Without Codee | With Codee | Hours saved
------------- | ---------- | -----------
78 hours | 18 hours | 60 hours
Impact on Cost Savings:
Considering a standard developer's workload of approximately 1800 hours/year, Codee's intervention translates to saving an equivalent to 0.03 (60h / 1800h) developers working full-time. Assuming an average cost of a developer for the company (salary + associated costs) of €100,000, this amounts to cost savings of €3,333 (€100,000 x 0.03).

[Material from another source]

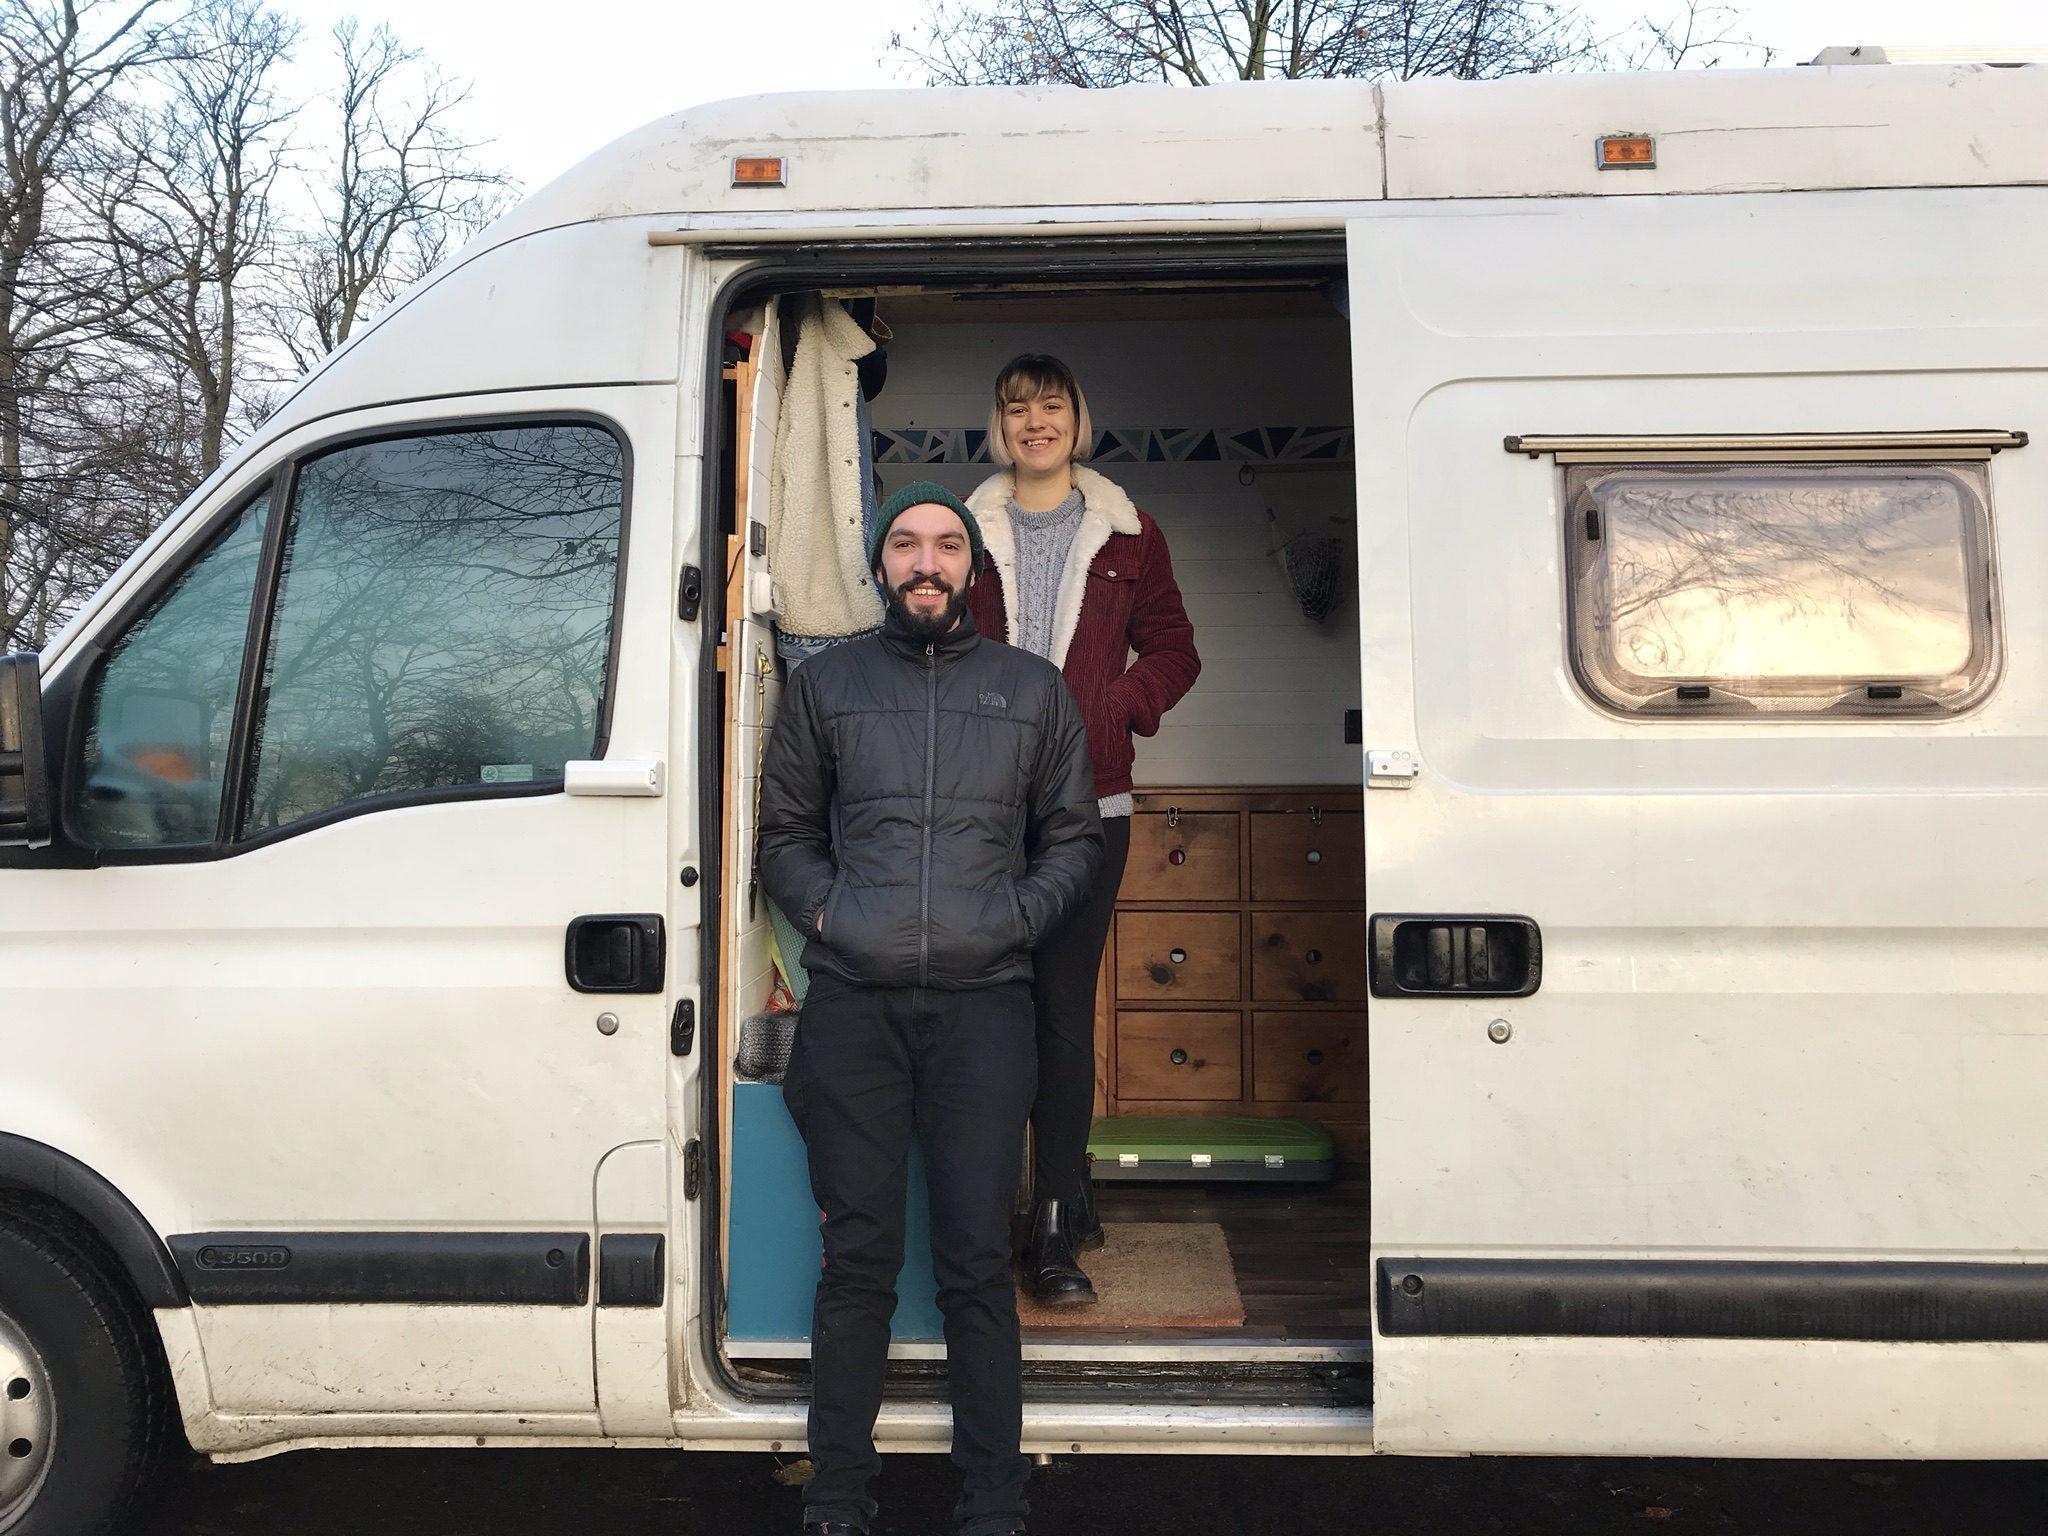 Travelling in a van - faith

Developer hours/year | Number of devs. saved/year | Developer salary/year | Total costs saved/year
-------------------- | -------------------------- | --------------------- | ----------------------
1800 hours | 0.03 | €100,000 | €3,333
SUGGESTIONS
Set custom parameters for the ROI calculation, using --dev-cost-per-year, --dev-hours-per-year, and --checker-effort flags; e.g.:
codee roi --dev-cost-per-year 20000 --dev-hours-per-year 1600 --checker-effort 1.5 -- gfortran -c himeno.f90
Use --check-id <list of checkers separated by comma> to calculate the ROI for an arbitrary subset of checkers to enable; e.g.:
codee roi --check-id PWR030,PWR039 -- gfortran -c himeno.f90
1 file, 7 functions, 5 loops, 214 LOCs successfully analyzed (18 checkers) and 0 non-analyzed files in 222 ms
ROI ANALYSIS SUMMARY
This analysis underscores the tangible benefits Codee brings to the development process, not only in terms of savings in development effort, but also in realizing significant cost efficiencies for the organization.